Media as we all know is very powerful and sometimes I feel that this is ‘the only powerful’. I need not deliberate on its role. It can make or break anything, literally. But it needs to remind itself time and again, ‘with great power comes great responsibility’, to borrow a quote from the Spiderman movie. So it is responsible to itself and, most important of all, to the public.   

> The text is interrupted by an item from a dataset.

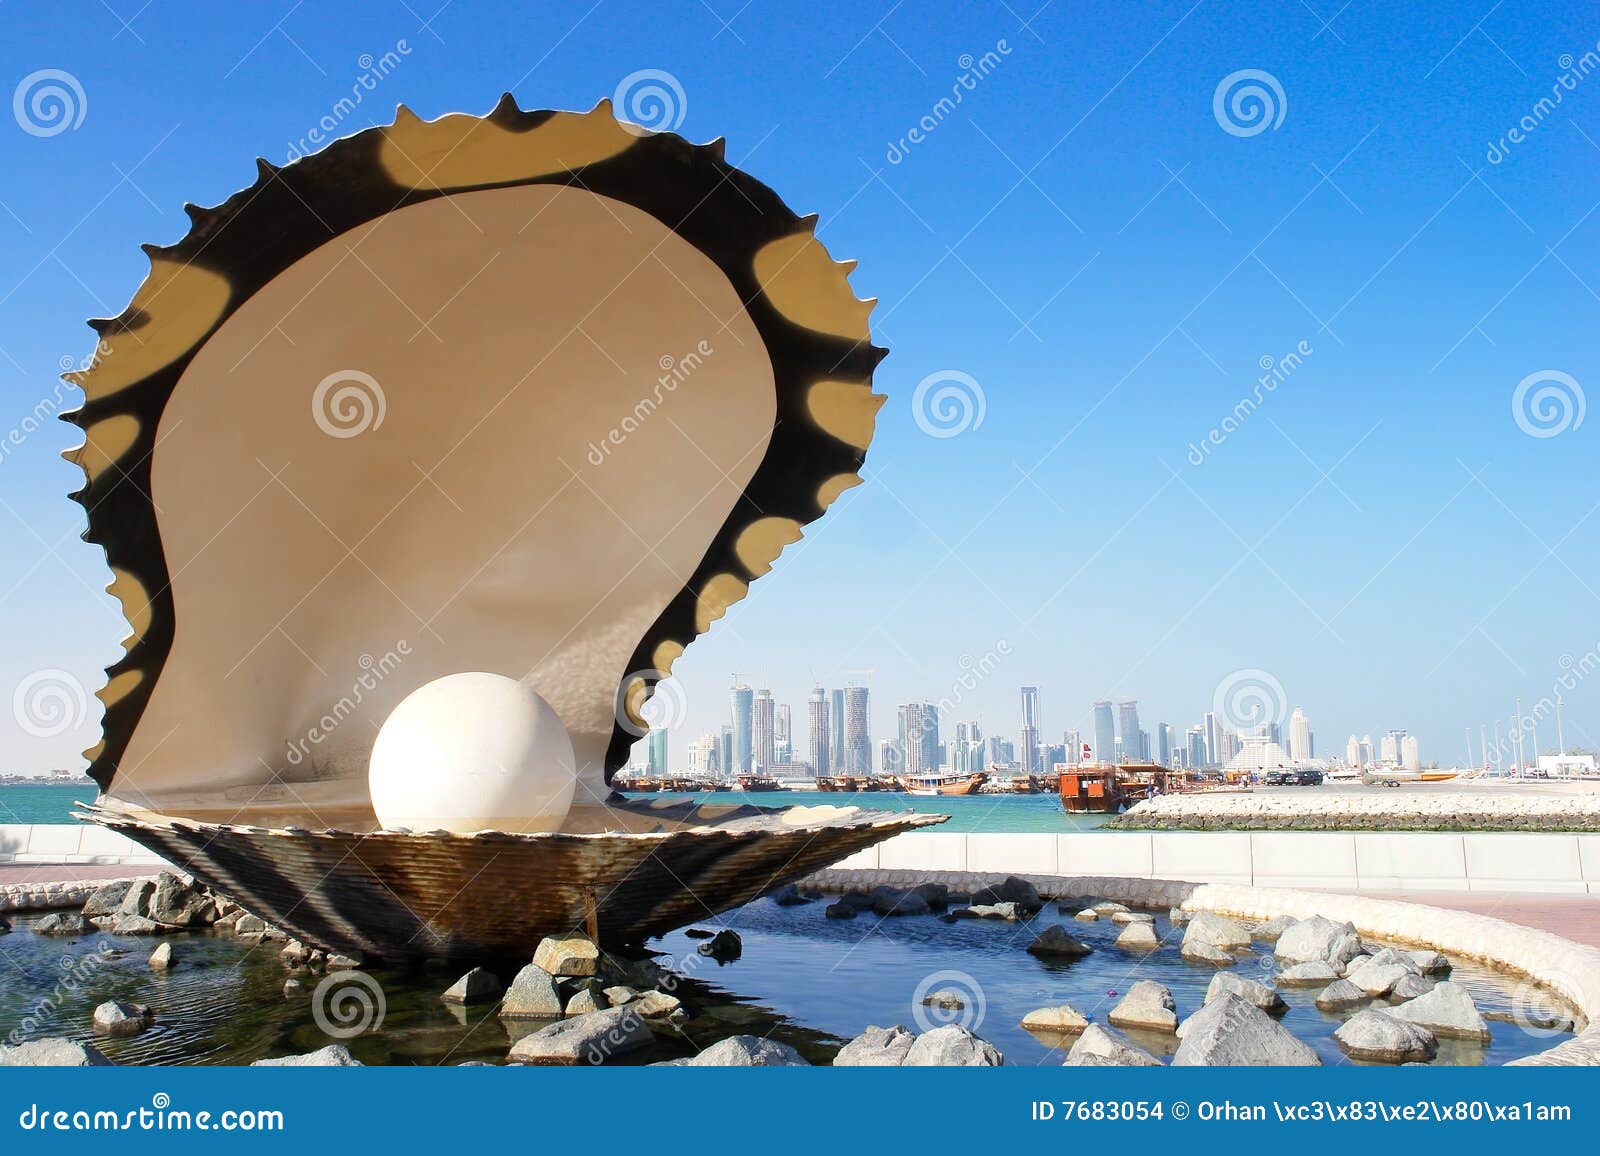 pearl and oyster fountain in corniche - doha qatar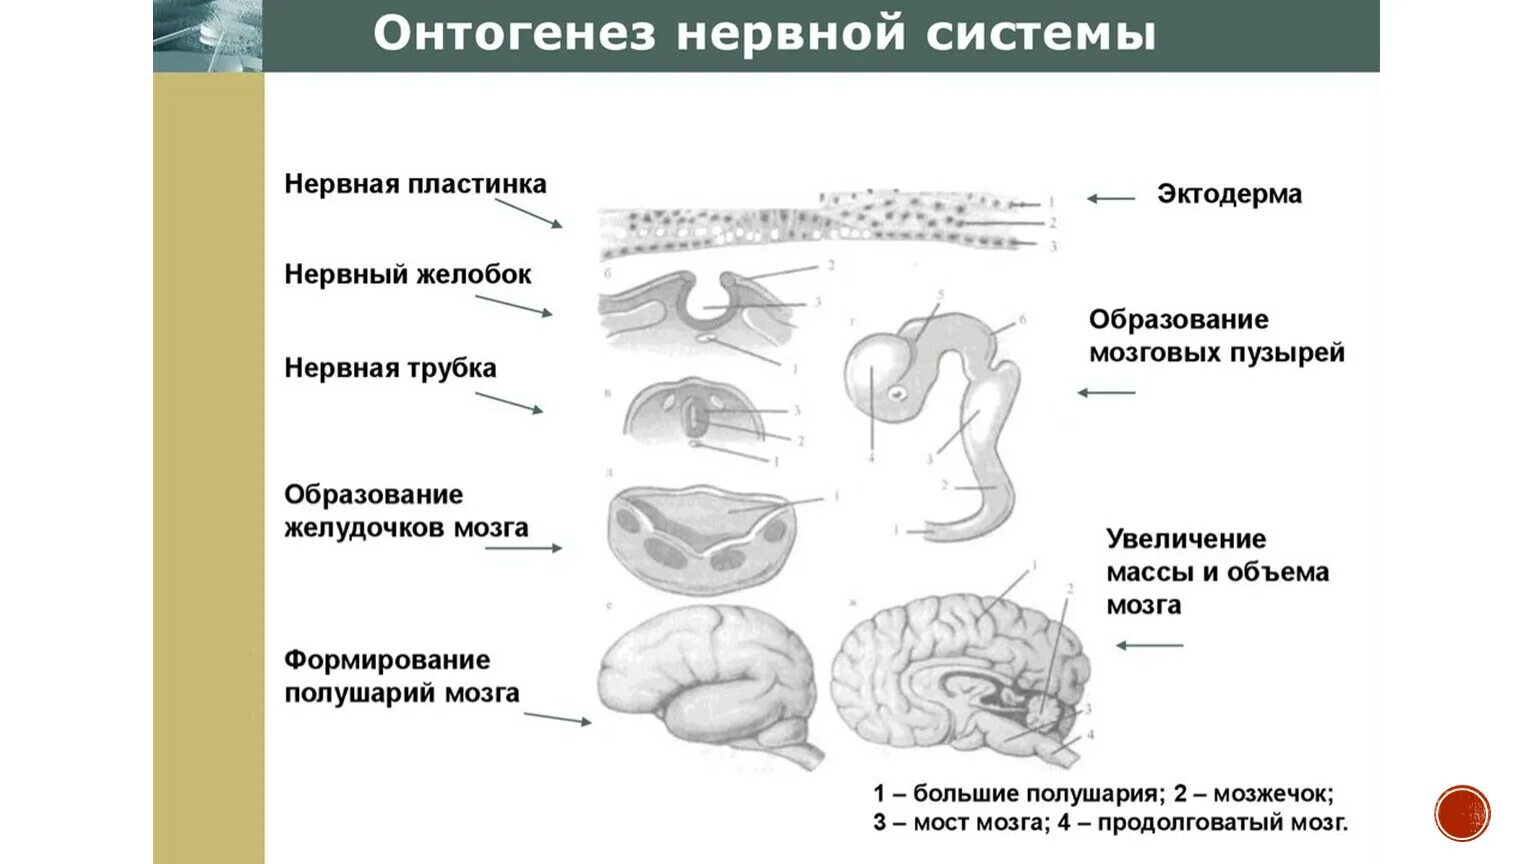 Развитие нервной системы и поведения. Основные этапы онтогенеза центральной нервной системы человека. Развитие нервной системы в онтогенезе таблица. Основные этапы онтогенеза нервной системы схематично. Онтогенез нервной системы стадии развития.

This ‘sengdokchaba’ in the form of an article is aimed at clarifying the fact that I am not double standard. I have been writing and commenting on various social issues of my interest, since I am also a student of Sociology. If I did not give a clarification on that very news item I would not have the courage to write on social issues and reading public might think that I am double standard, connecting me always with that news item. Now that you have read and known the fact, I might continue writing, at least to tease my faculty. It will be appreciable if the reading public get to know of this ‘sengdokchaba’ before the five days’ media lull during the Yaoshang festival, since the government, society, universities, colleges, mountains, rivers, lakes etc. do not seem to or do not exist when the media is on recess. You see the power of media!